## PROBLEM
Restate the listing below line for line and word for word, without the pictures.

## MATERIAL PROVIDED
▽

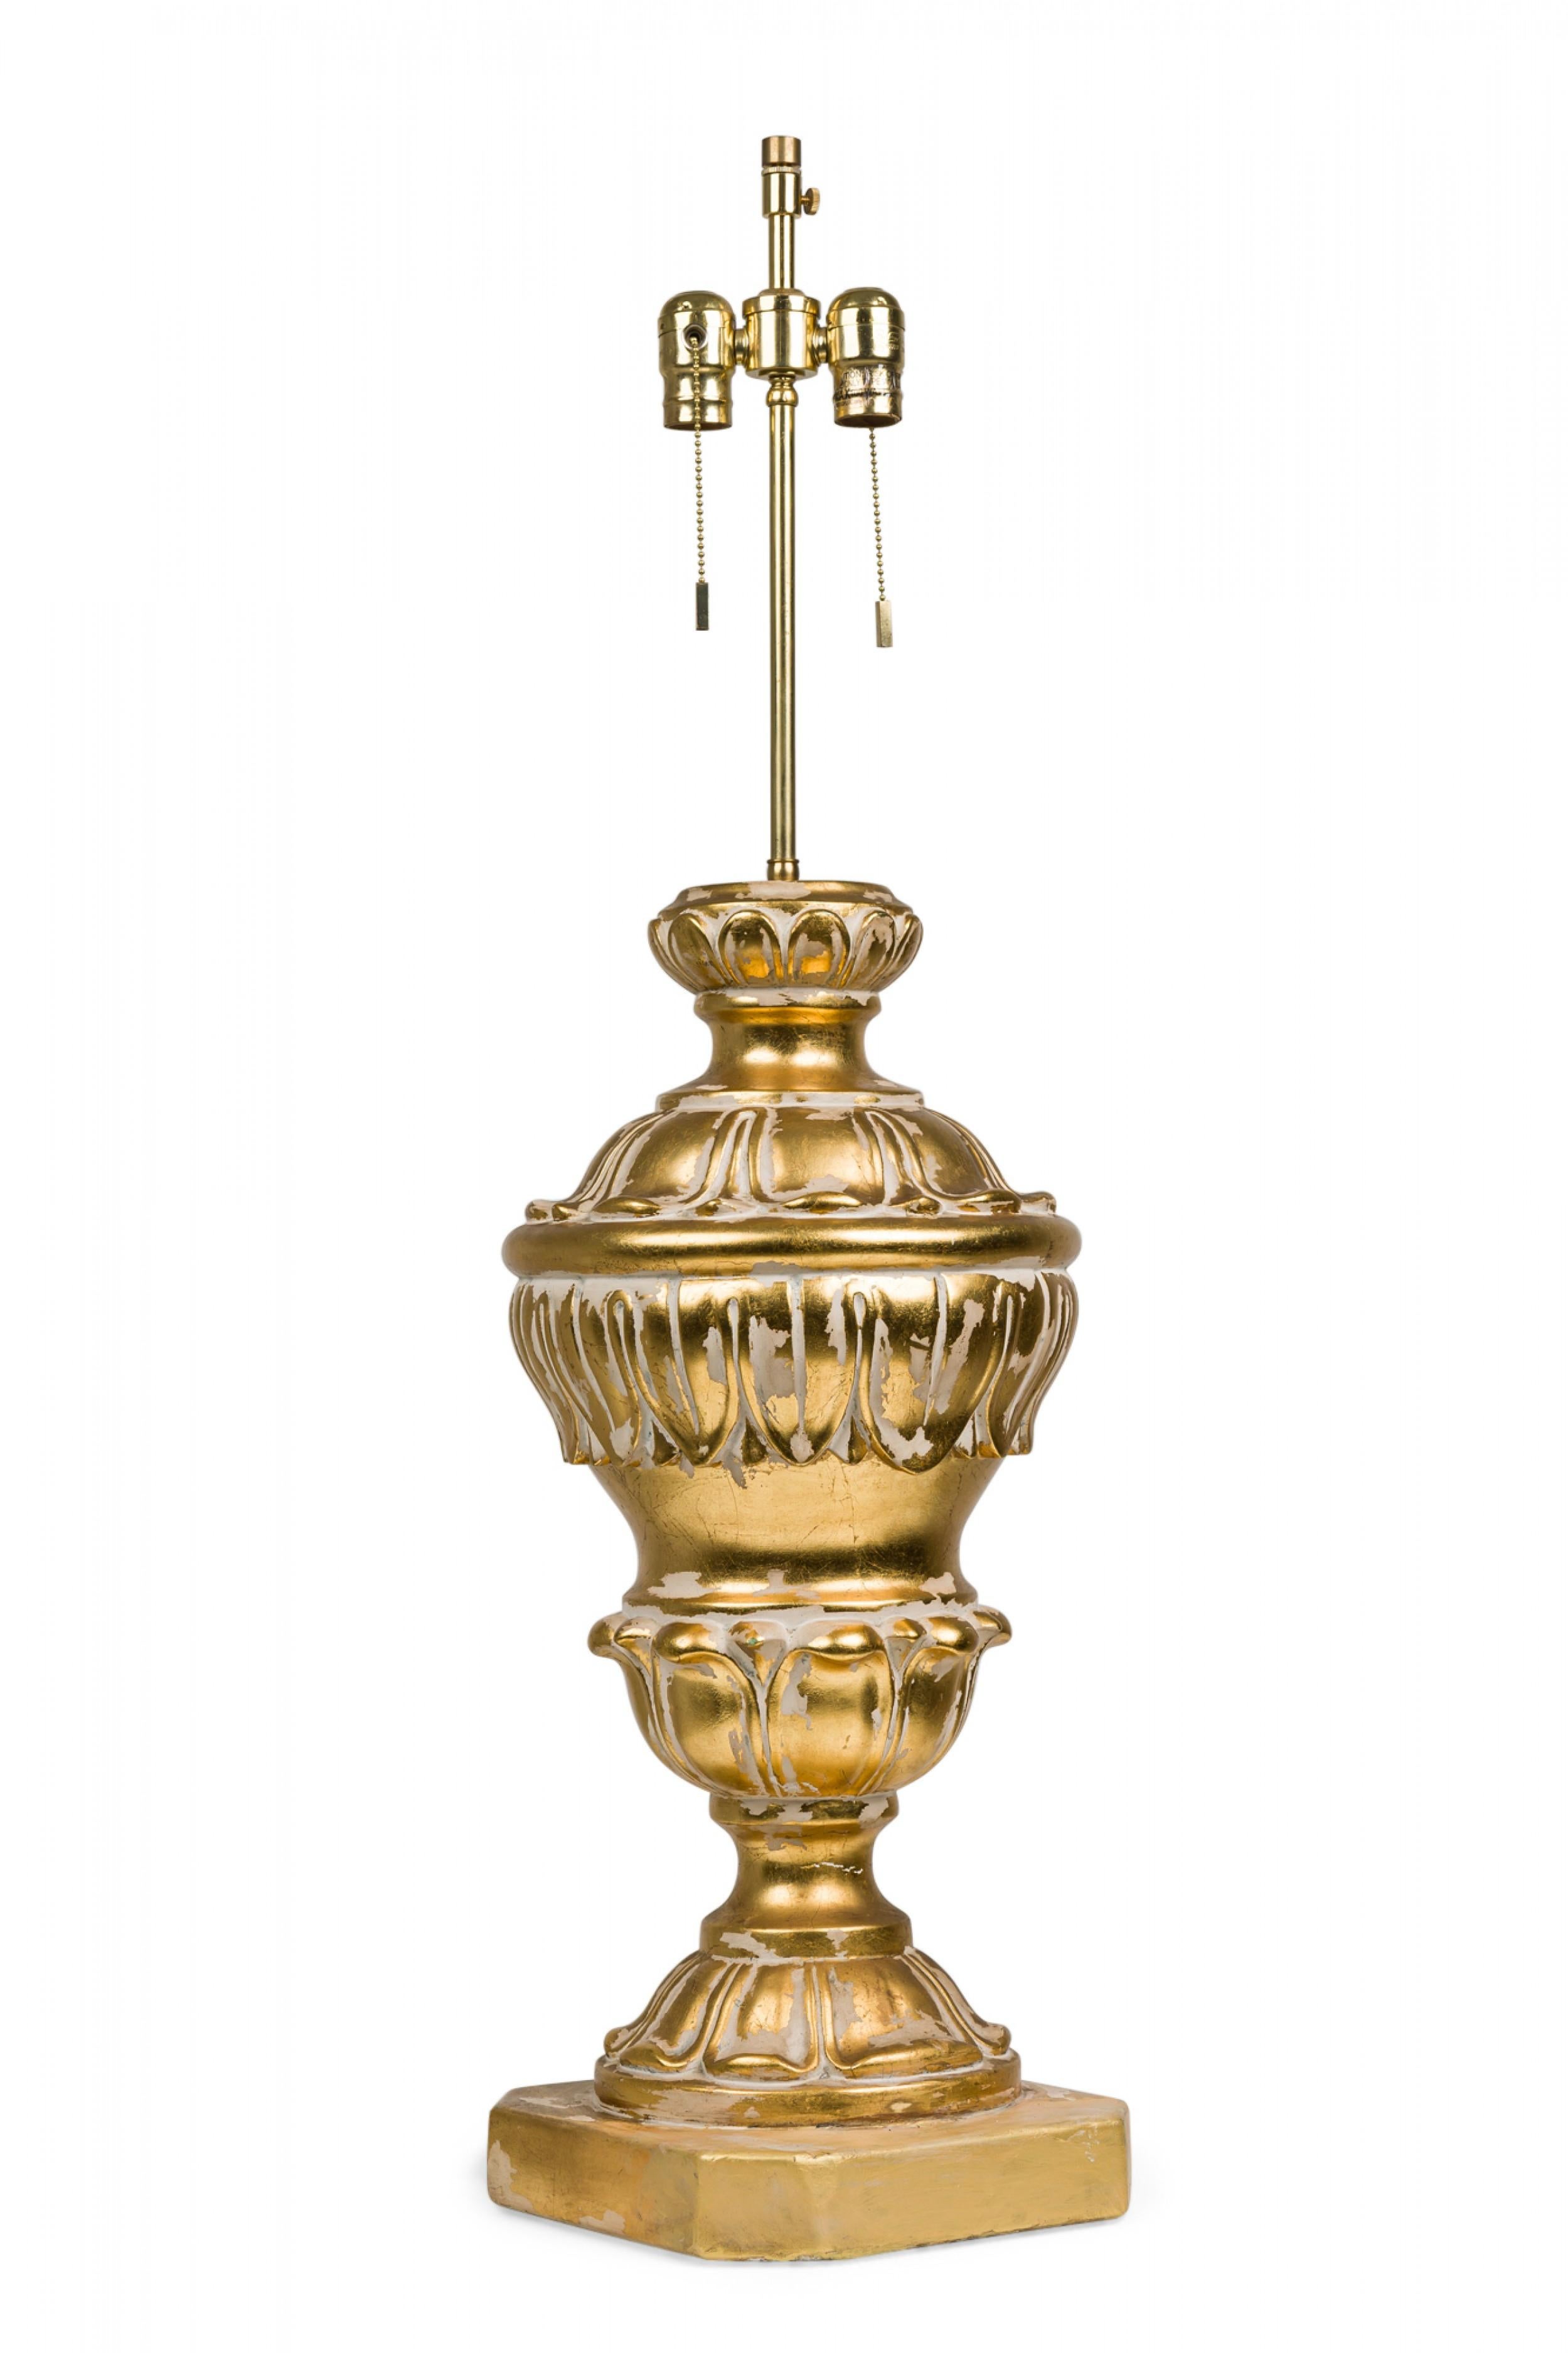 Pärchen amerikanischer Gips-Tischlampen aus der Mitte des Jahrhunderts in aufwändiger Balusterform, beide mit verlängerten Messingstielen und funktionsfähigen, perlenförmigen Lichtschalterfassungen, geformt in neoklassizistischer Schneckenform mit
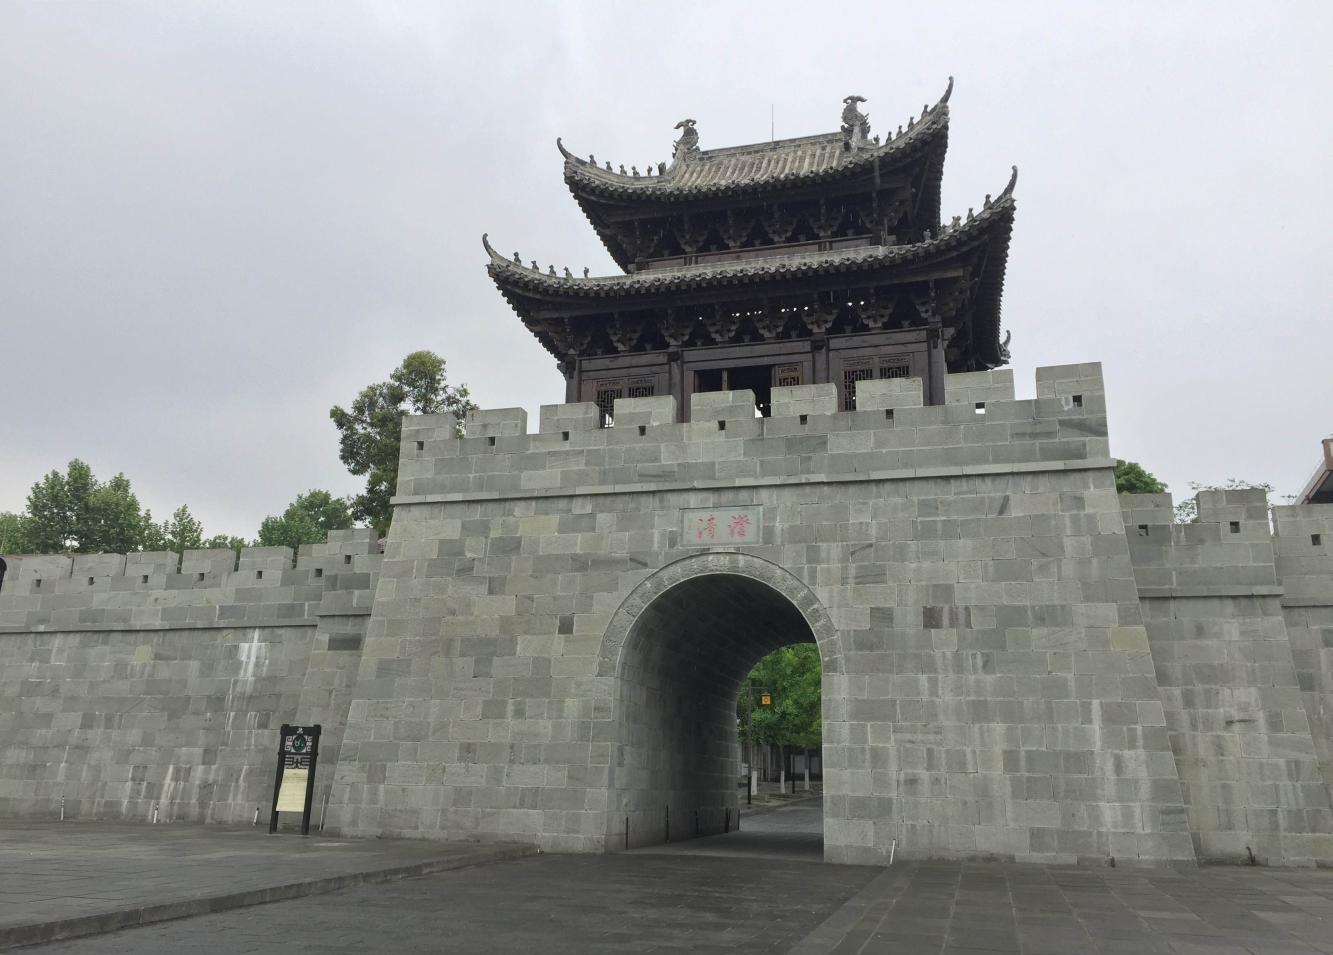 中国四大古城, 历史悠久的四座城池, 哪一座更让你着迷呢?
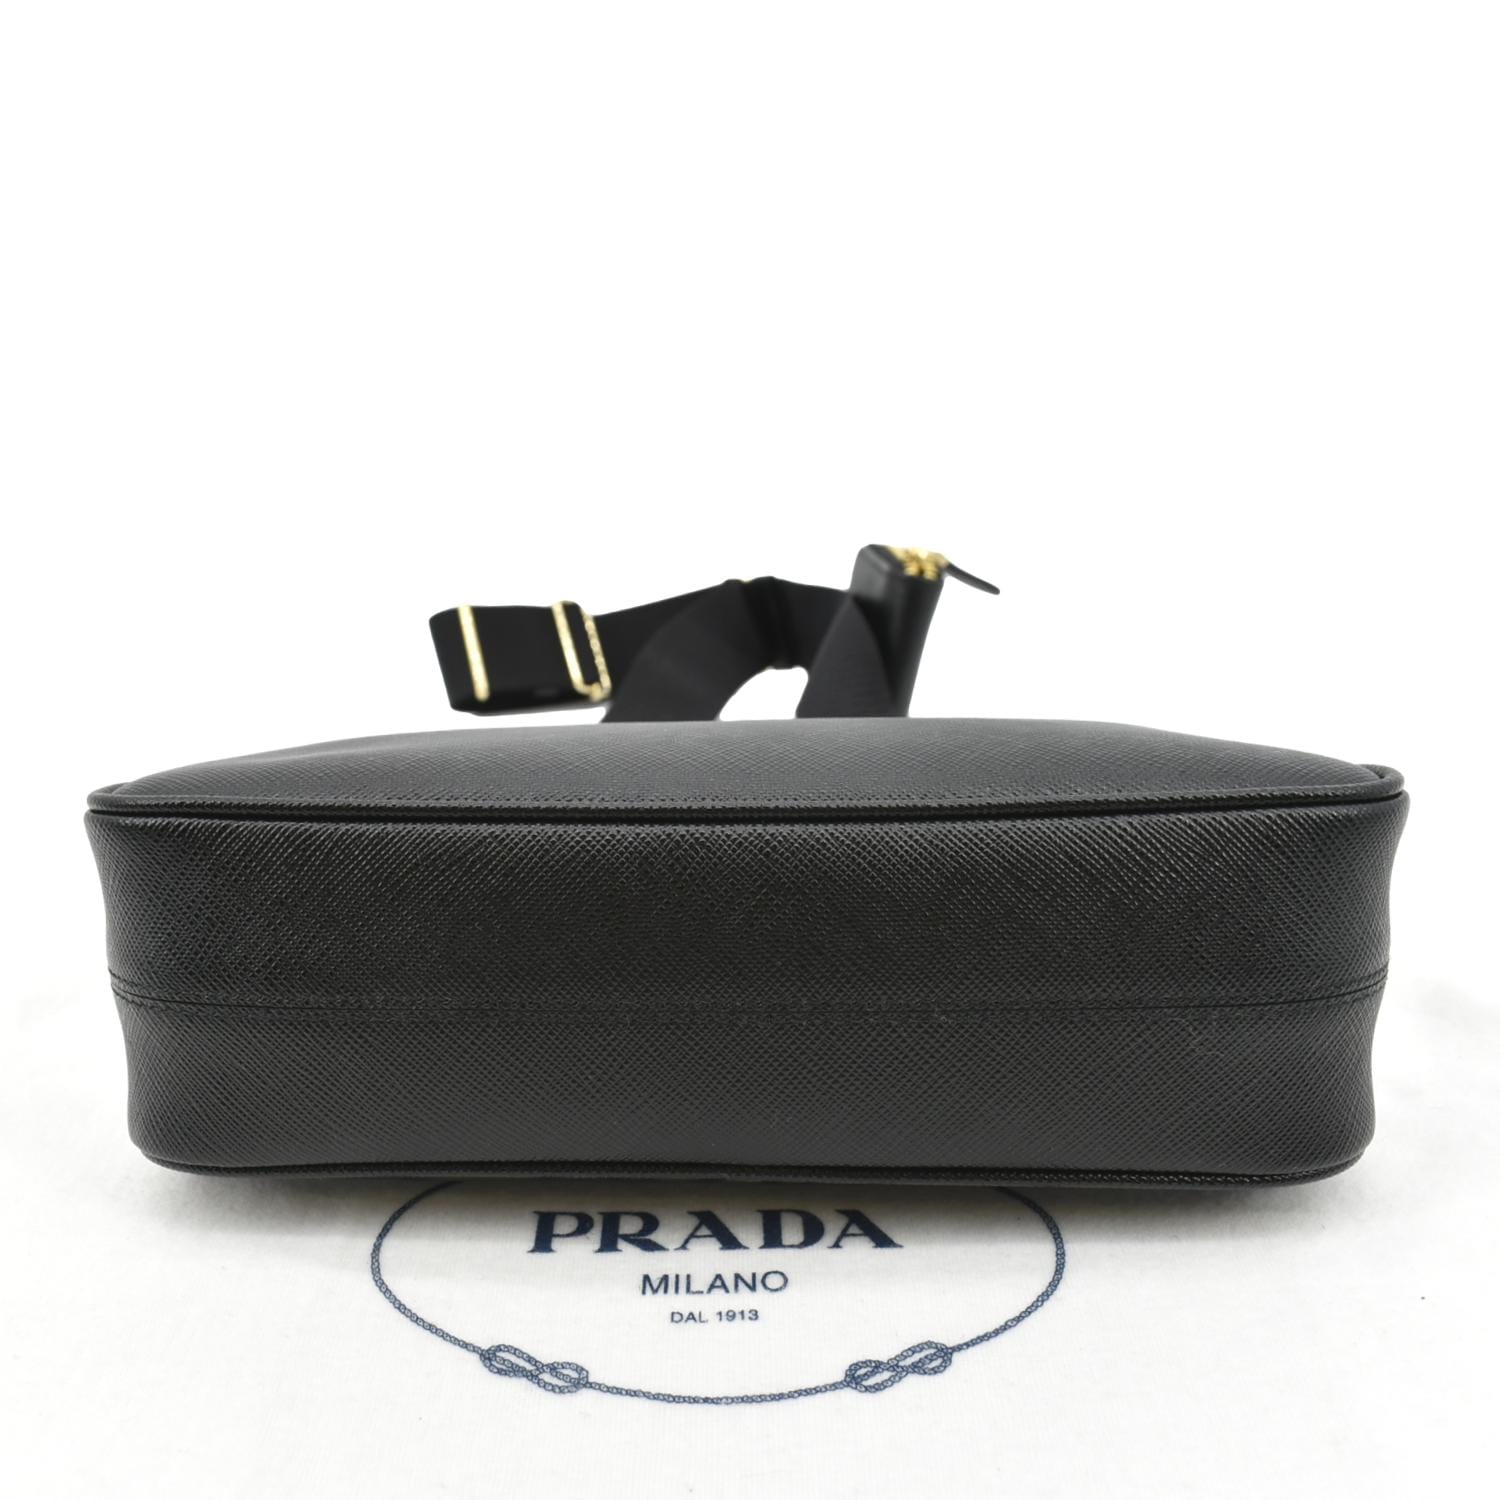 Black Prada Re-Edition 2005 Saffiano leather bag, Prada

△

## SOLUTION FOR THIS TASK
 Pärchen amerikanischer Gips-Tischlampen aus der Mitte des Jahrhunderts in aufwändiger Balusterform, beide mit verlängerten Messingstielen und funktionsfähigen, perlenförmigen Lichtschalterfassungen, geformt in neoklassizistischer Schneckenform mit
 中国四大古城, 历史悠久的四座城池, 哪一座更让你着迷呢?
 Black Prada Re-Edition 2005 Saffiano leather bag, Prada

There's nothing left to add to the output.